(WORK TO BE COMPLETED) Please retype the listing below exactly as it stands, skipping any pictures.

(INPUT DATA)
•••••

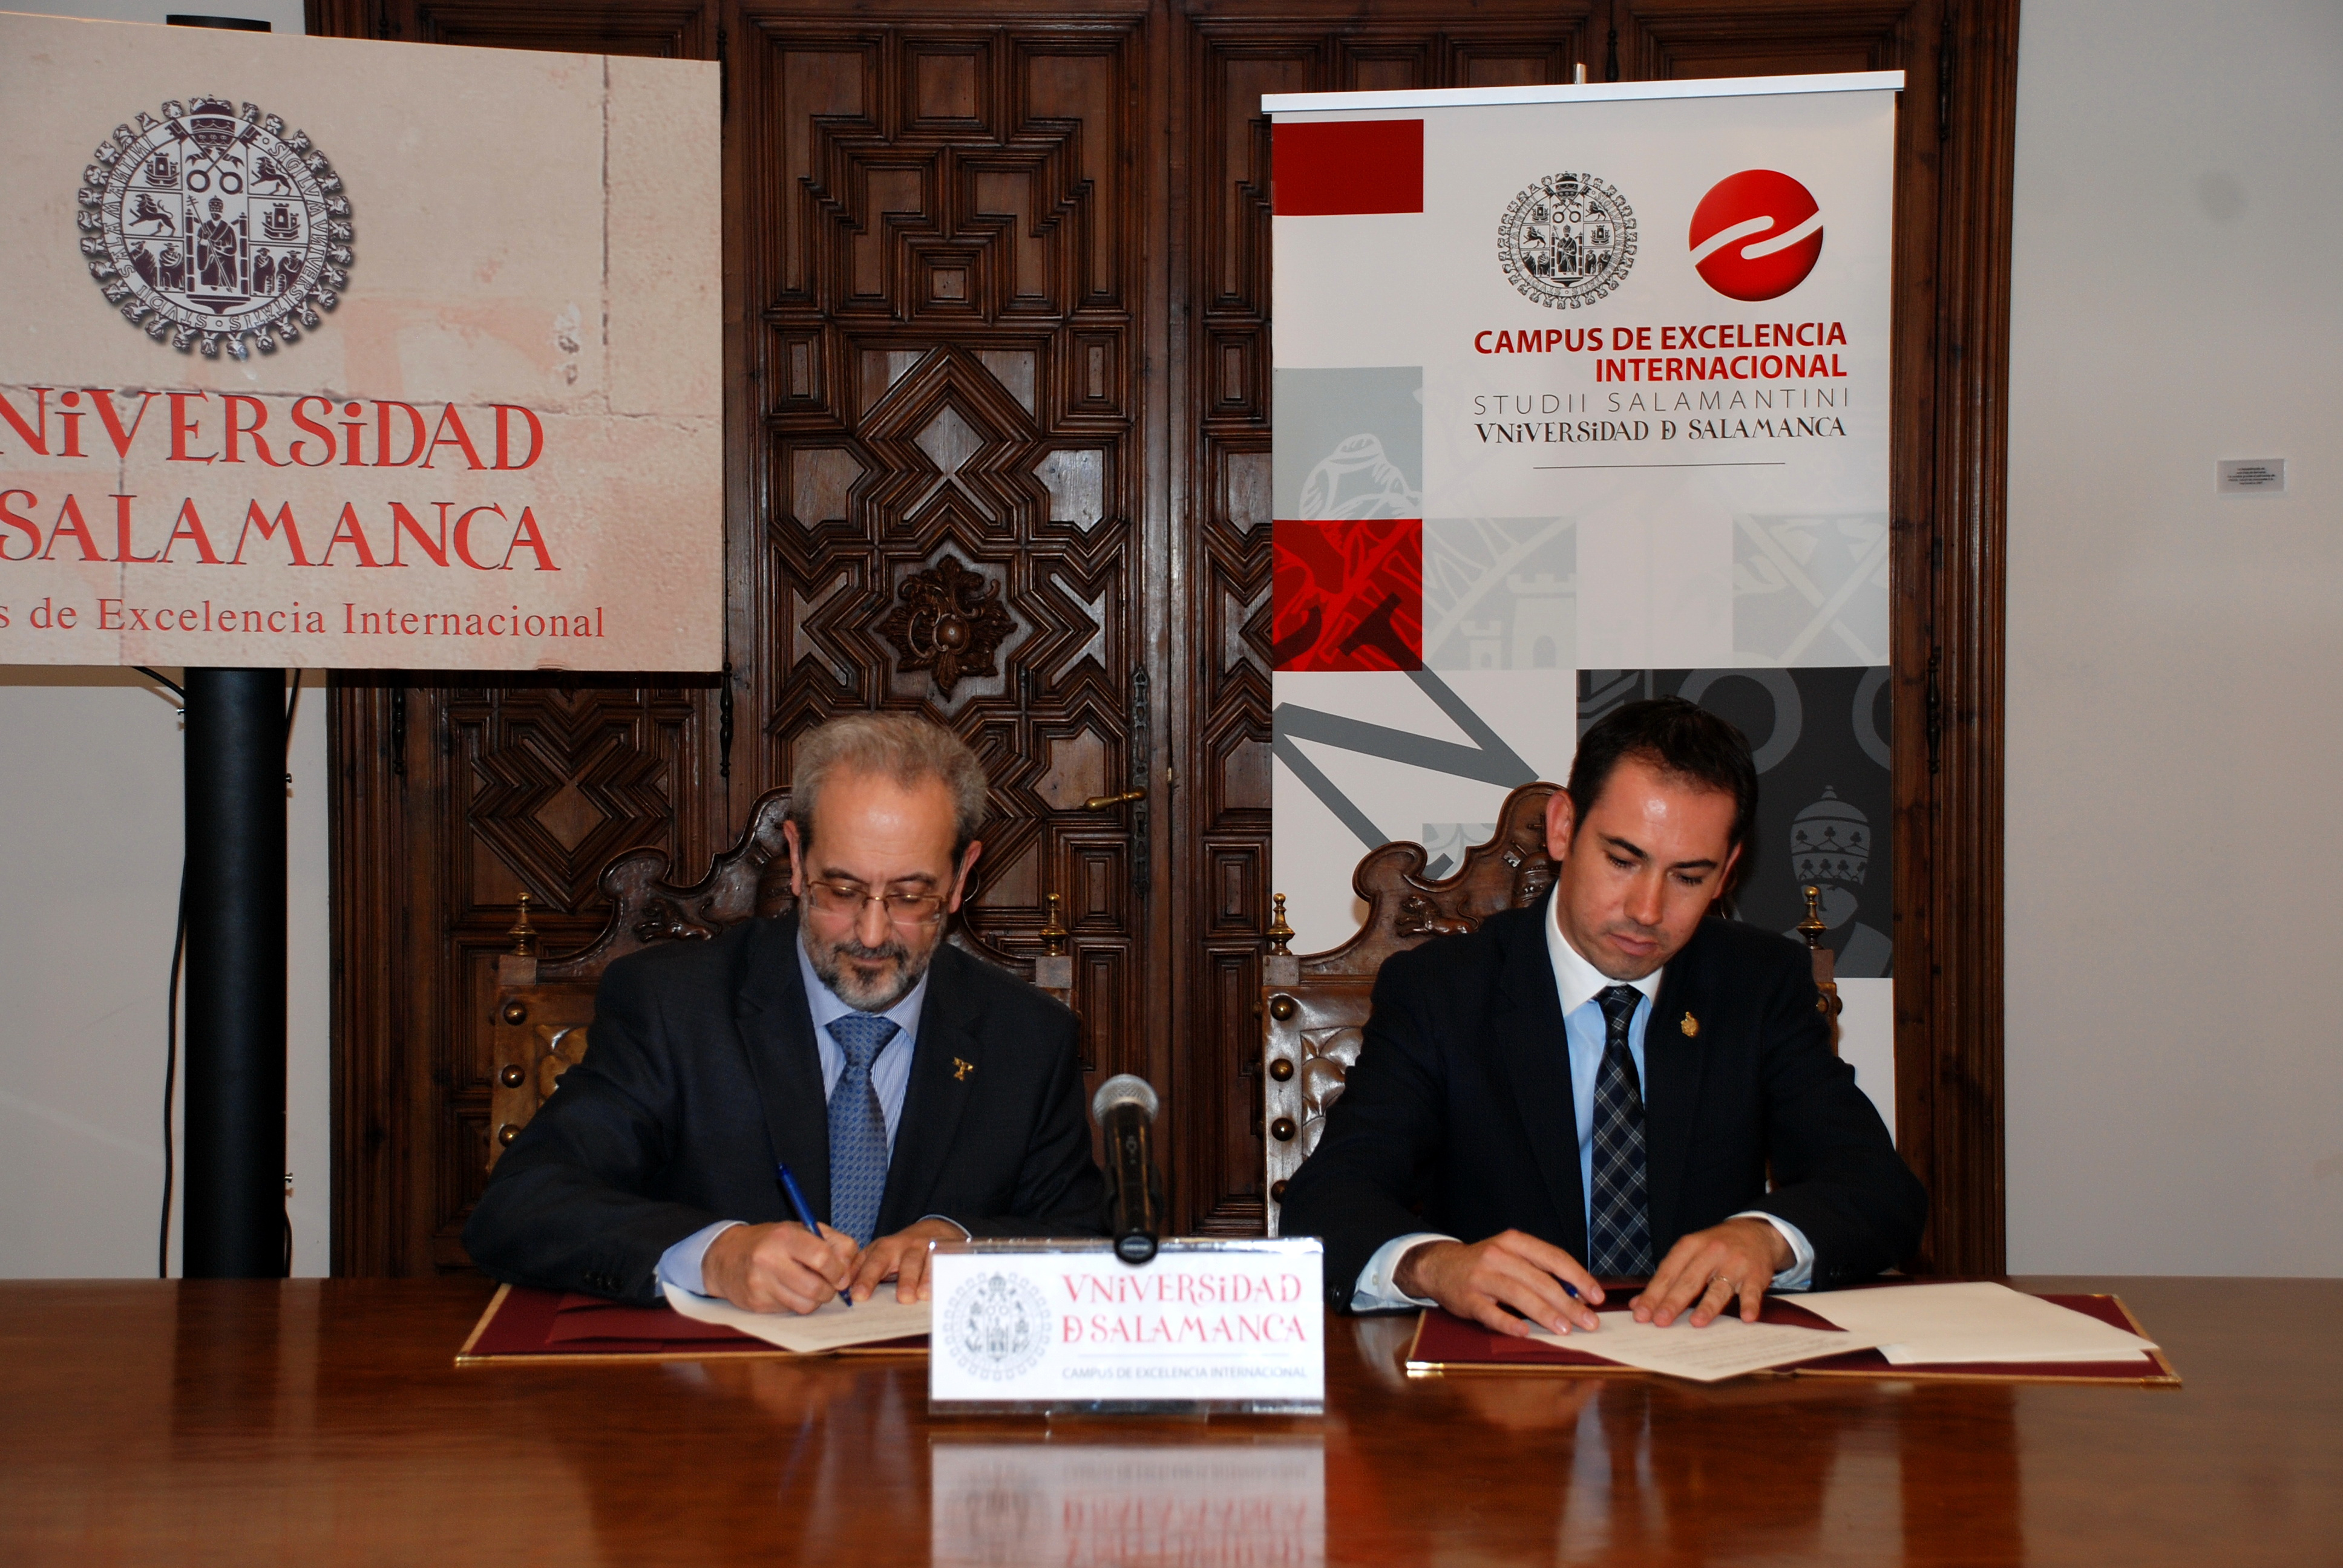 La Universidad y el Ayuntamiento de Salamanca (México) suscriben un convenio de colaboración
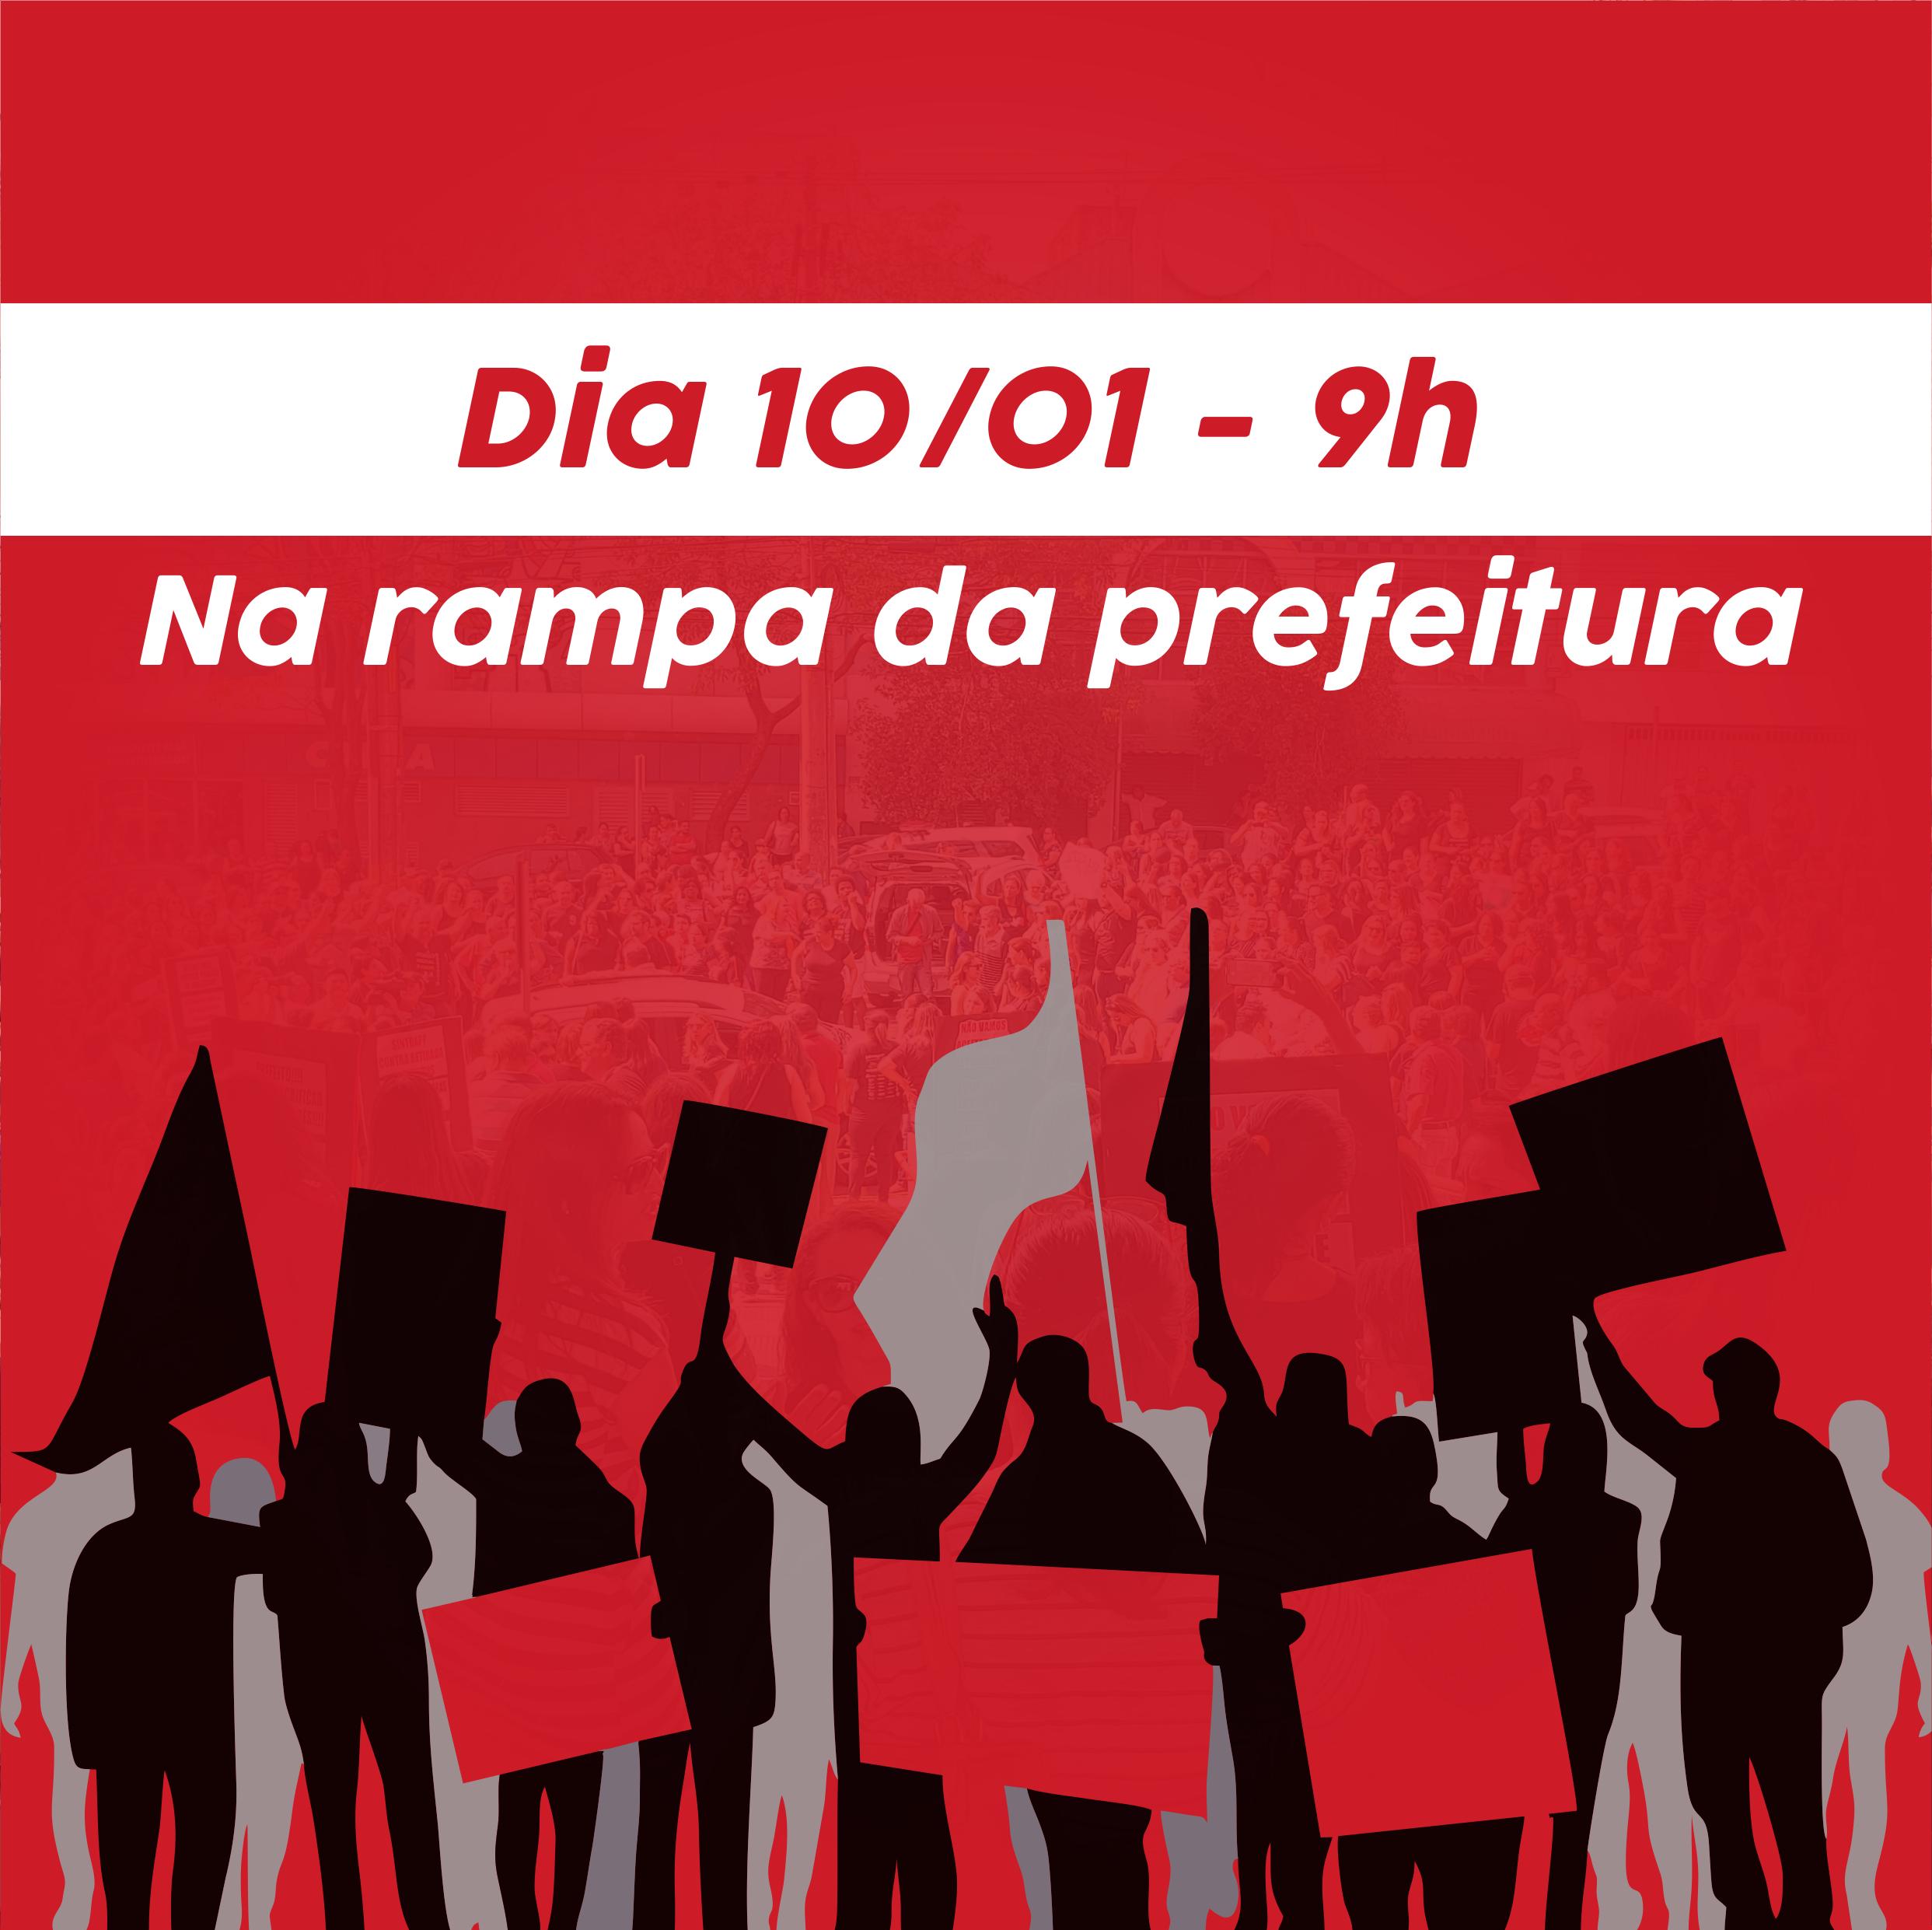 Após reunião, sindicato convoca categoria para exigir cumprimento de seus direitos
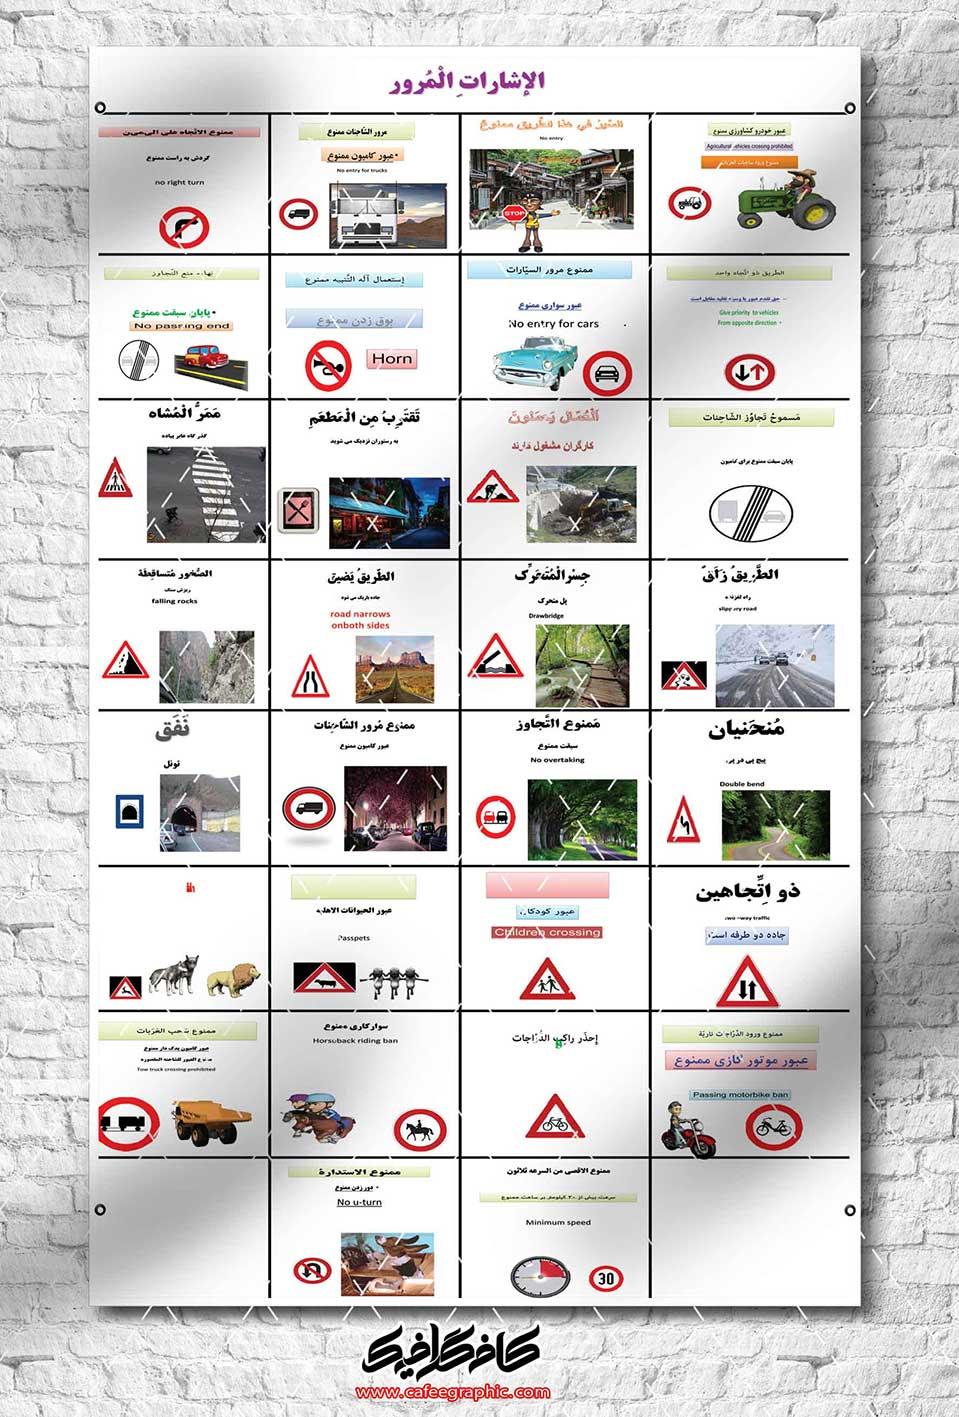 طرح لایه باز پوستر آموزشی قواعد راهنمای رانندگی به عربی

•••••

(YOUR RESPONSE)
 La Universidad y el Ayuntamiento de Salamanca (México) suscriben un convenio de colaboración
 Após reunião, sindicato convoca categoria para exigir cumprimento de seus direitos
 طرح لایه باز پوستر آموزشی قواعد راهنمای رانندگی به عربی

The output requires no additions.